Title: Group then Scale: Dynamic Mixture-of-Experts Multilingual Language Model

Authors: Chong Li, Yingzhuo Deng, Jiajun Zhang, Chengqing Zong
Subjects: cs.CL, cs.AI
Abstract URL: https://arxiv.org/abs/2506.12388
Pdf URL: https://arxiv.org/pdf/2506.12388
Copy Paste: [[2506.12388]] Group then Scale: Dynamic Mixture-of-Experts Multilingual Language Model(https://arxiv.org/abs/2506.12388)
Keywords: language model, llm
Abstract: The curse of multilinguality phenomenon is a fundamental problem of multilingual Large Language Models (LLMs), where the competition between massive languages results in inferior performance. It mainly comes from limited capacity and negative transfer between dissimilar languages. To address this issue, we propose a method to dynamically group and scale up the parameters of multilingual LLM while boosting positive transfer among similar languages. Specifically, the model is first tuned on monolingual corpus to determine the parameter deviation in each layer and quantify the similarity between languages. Layers with more deviations are extended to mixture-of-experts layers to reduce competition between languages, where one expert module serves one group of similar languages. Experimental results on 18 to 128 languages show that our method reduces the negative transfer between languages and significantly boosts multilingual performance with fewer parameters. Such language group specialization on experts benefits the new language adaptation and reduces the inference on the previous multilingual knowledge learned.
摘要：多语言现象的诅咒是多语言大语言模型（LLMS）的一个基本问题，其中大规模语言之间的竞争会导致表现较低。它主要来自有限的能力和不同语言之间的负转移。为了解决此问题，我们提出了一种方法，以动态分组和扩展多语言LLM的参数，同时促进类似语言之间的正转移。具体而言，该模型首先在单语语料库上调整，以确定每一层的参数偏差并量化语言之间的相似性。具有更多偏差的图层扩展到了专家的混合物，以减少语言之间的竞争，其中一个专家模块为一组类似的语言提供服务。 18至128种语言的实验结果表明，我们的方法减少了语言之间的负面传递，并显着提高了多语言性能，参数较少。这样的语言组专业化专家受益于新的语言适应，并减少了对以前的多语言知识的推论。

Title: Exploring Cultural Variations in Moral Judgments with Large Language Models

Authors: Hadi Mohammadi, Efthymia Papadopoulou, Yasmeen F.S.S. Meijer, Ayoub Bagheri
Subjects: cs.CL
Abstract URL: https://arxiv.org/abs/2506.12433
Pdf URL: https://arxiv.org/pdf/2506.12433
Copy Paste: [[2506.12433]] Exploring Cultural Variations in Moral Judgments with Large Language Models(https://arxiv.org/abs/2506.12433)
Keywords: language model, gpt, llm
Abstract: Large Language Models (LLMs) have shown strong performance across many tasks, but their ability to capture culturally diverse moral values remains unclear.
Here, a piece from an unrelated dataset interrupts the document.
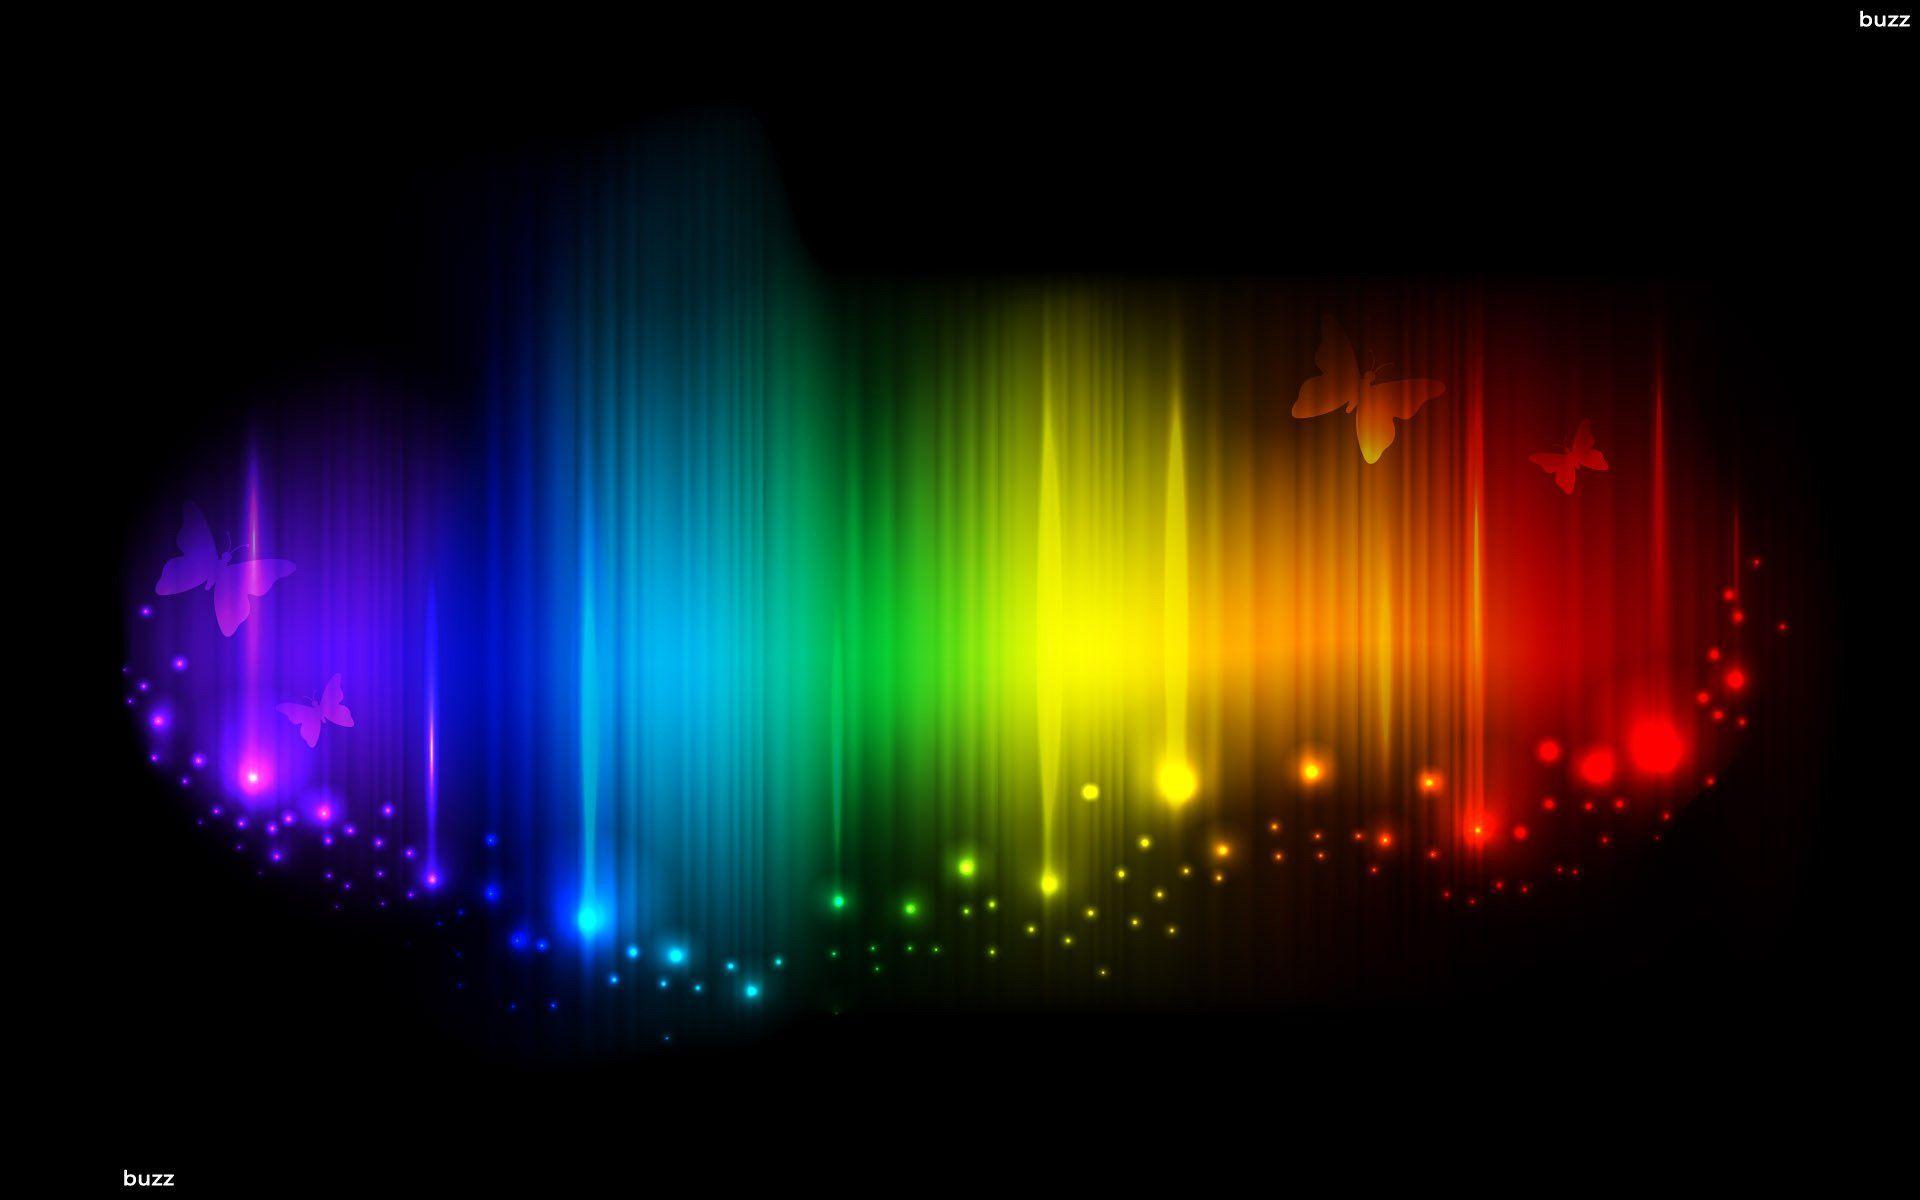 Abstract Rainbow Wallpaper HD wallpaper search

In this paper, we examine whether LLMs can mirror variations in moral attitudes reported by two major cross-cultural surveys: the World Values Survey and the PEW Research Center's Global Attitudes Survey. We compare smaller, monolingual, and multilingual models (GPT-2, OPT, BLOOMZ, and Qwen) with more recent instruction-tuned models (GPT-4o, GPT-4o-mini, Gemma-2-9b-it, and Llama-3.3-70B-Instruct). Using log-probability-based moral justifiability scores, we correlate each model's outputs with survey data covering a broad set of ethical topics. Our results show that many earlier or smaller models often produce near-zero or negative correlations with human judgments. In contrast, advanced instruction-tuned models (including GPT-4o and GPT-4o-mini) achieve substantially higher positive correlations, suggesting they better reflect real-world moral attitudes. While scaling up model size and using instruction tuning can improve alignment with cross-cultural moral norms, challenges remain for certain topics and regions. We discuss these findings in relation to bias analysis, training data diversity, and strategies for improving the cultural sensitivity of LLMs.
摘要：大型语言模型（LLMS）在许多任务中表现出很强的表现，但是它们捕获文化多样的道德价值观的能力尚不清楚。在本文中，我们检查了LLM是否可以反映两种主要的跨文化调查报告的道德态度的变化：世界价值调查和皮尤研究中心的全球态度调查。我们将较小，单语和多语言模型（GPT-2，OPT，Bloomz和Qwen）与最新的指导调节模型（GPT-4O，GPT-4O，GPT-4O-MINI，GEMMA-2-9B-IT和LLAMA-3.3-70B教学）进行了比较。使用基于对数的道德合理性得分，我们将每个模型的输出与涵盖一系列道德主题的调查数据相关联。我们的结果表明，许多早期或较小的模型通常与人类判断产生接近零或负相关。相反，先进的指导调整模型（包括GPT-4O和GPT-4O-MINI）实现了更高的正相关性，这表明它们更好地反映了现实世界的道德态度。虽然扩大模型大小并使用指令调整可以改善跨文化道德规范的对准，但对于某些主题和地区，挑战仍然存在。我们讨论了有关偏见分析，培训数据多样性以及提高LLM文化敏感性的策略的这些发现。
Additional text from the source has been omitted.